Provided material: Begin
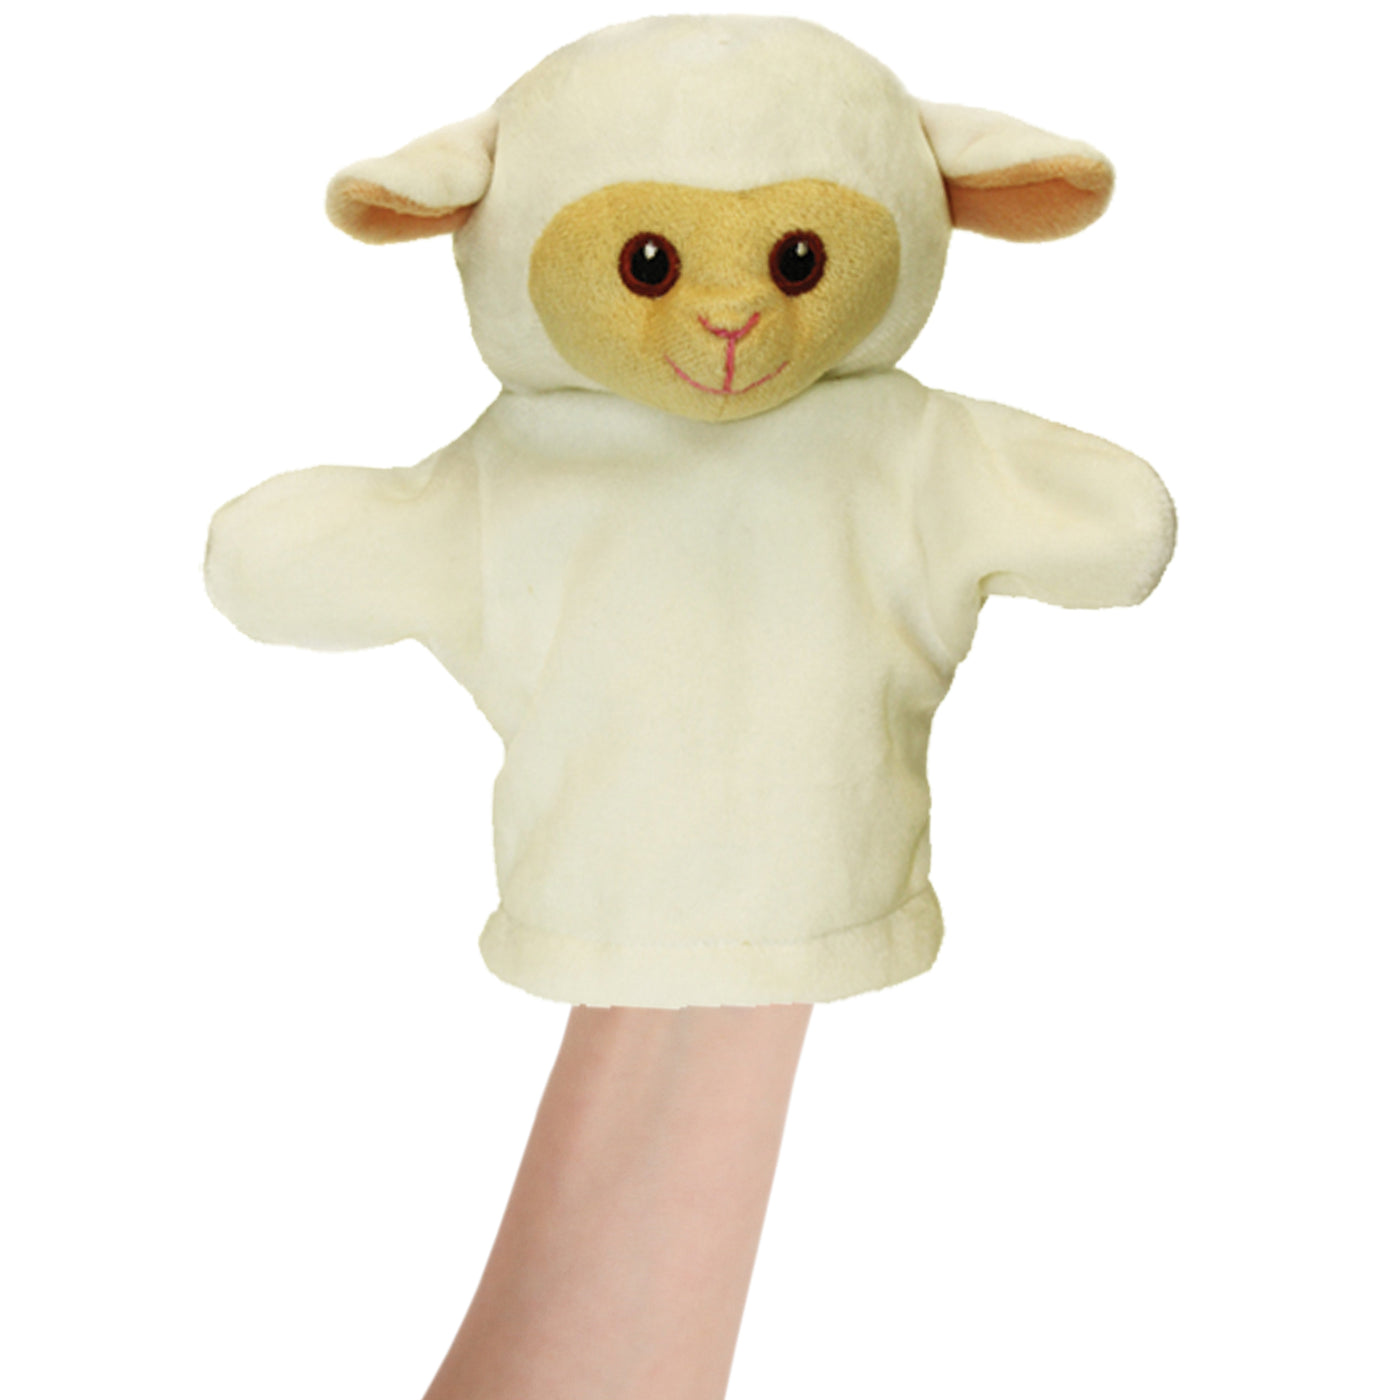 My First Puppet - Lamb
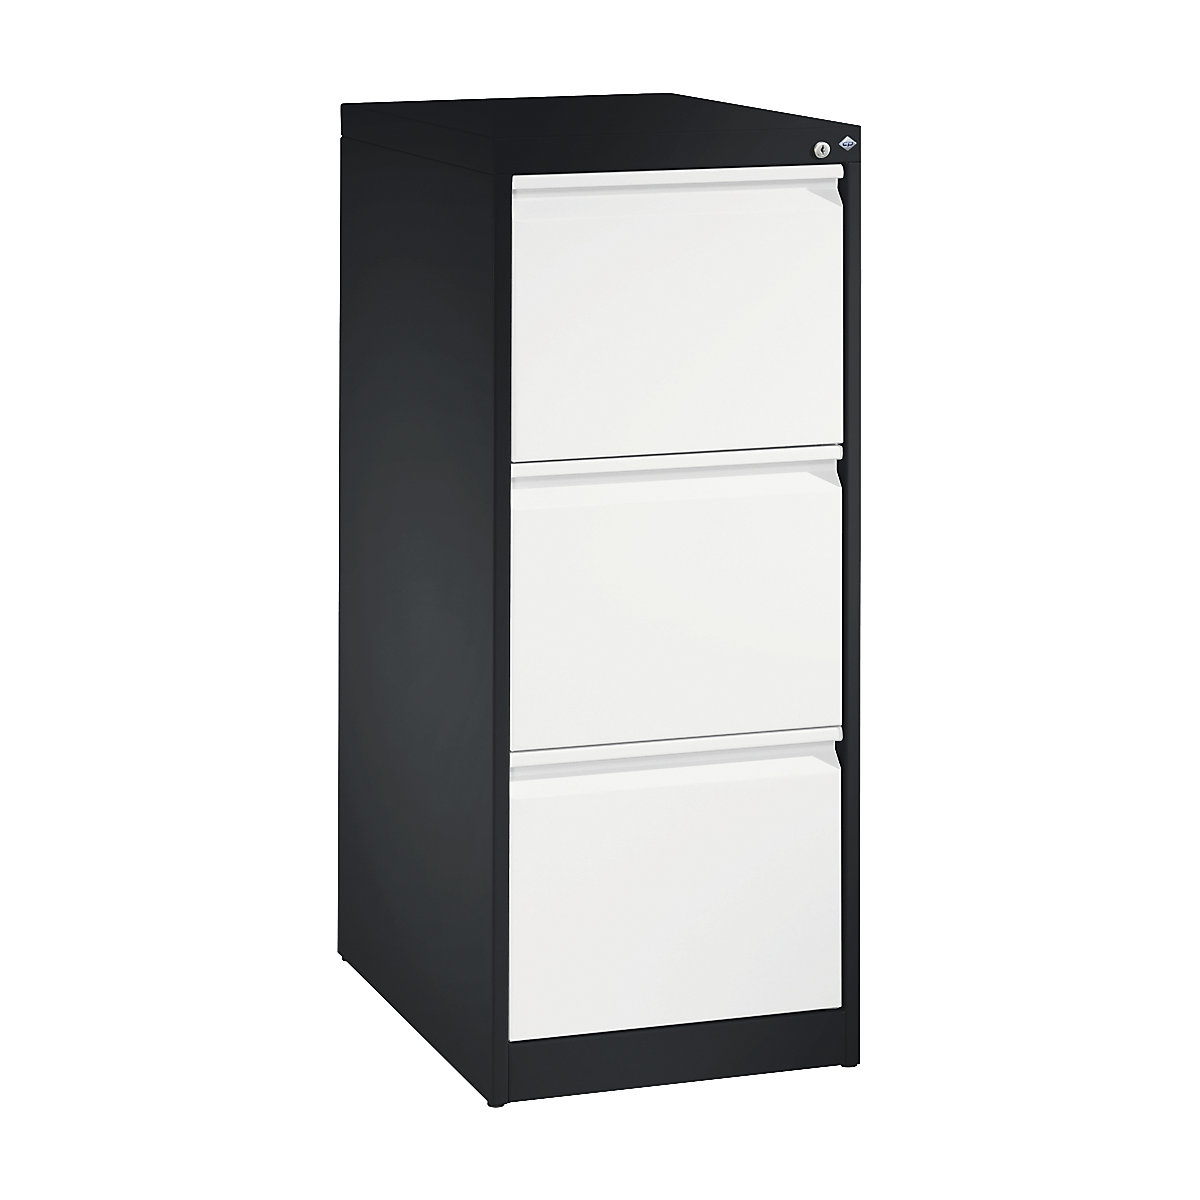 C+P – ACURADO suspension filing cabinet, 1 track, 3 drawers, black grey / traffic white
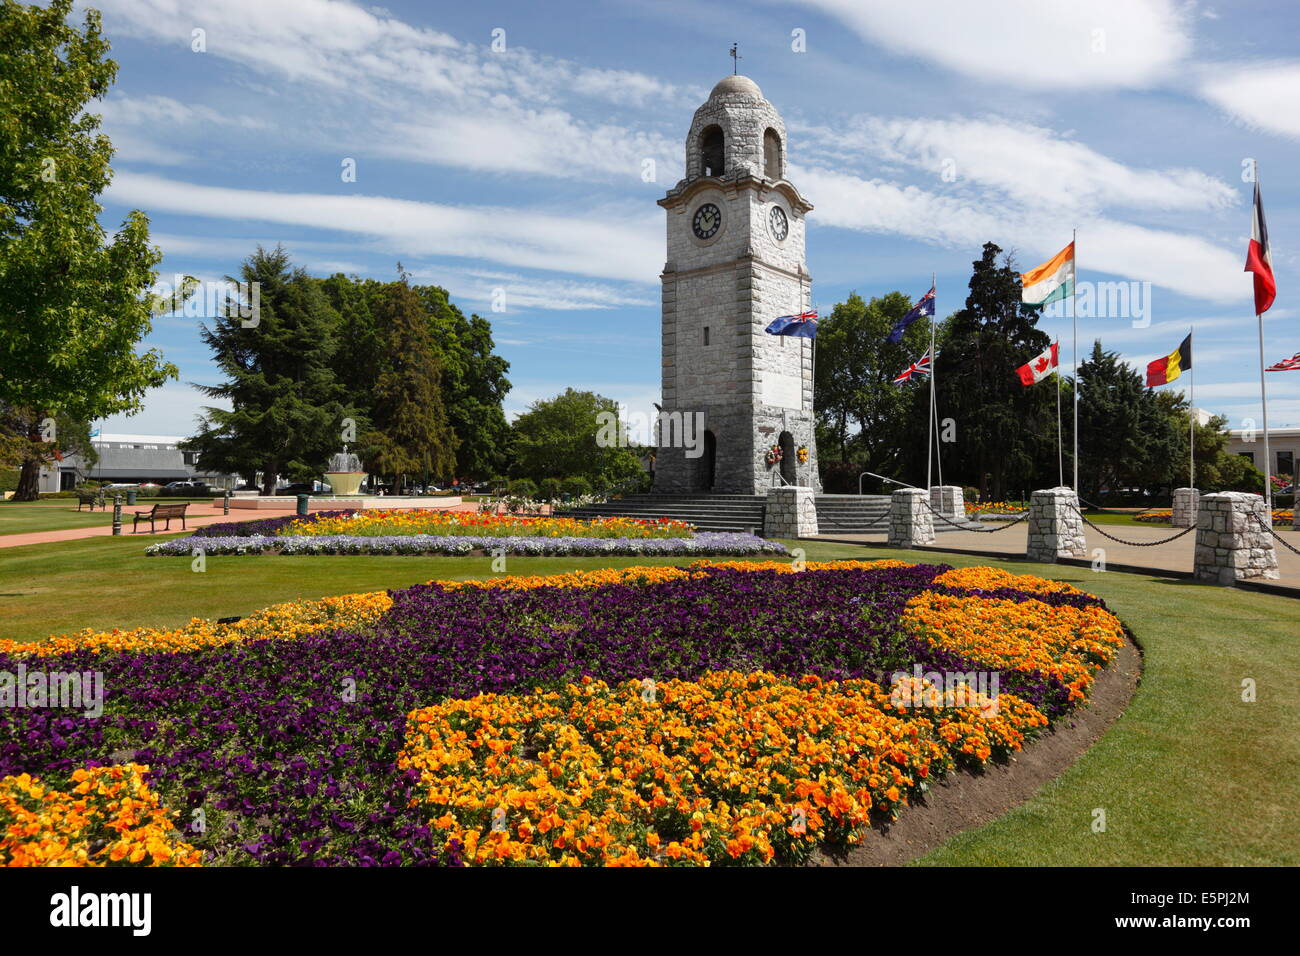 Seymour Square and clock tower, Blenheim, Marlborough region, South Island, New Zealand, Pacific Stock Photo
Provided material: End
Locate the line containing "C+P – ACURADO" in the material above, then repeat it and every later line exactly, with no pictures.

 C+P – ACURADO suspension filing cabinet, 1 track, 3 drawers, black grey / traffic white
 Seymour Square and clock tower, Blenheim, Marlborough region, South Island, New Zealand, Pacific Stock Photo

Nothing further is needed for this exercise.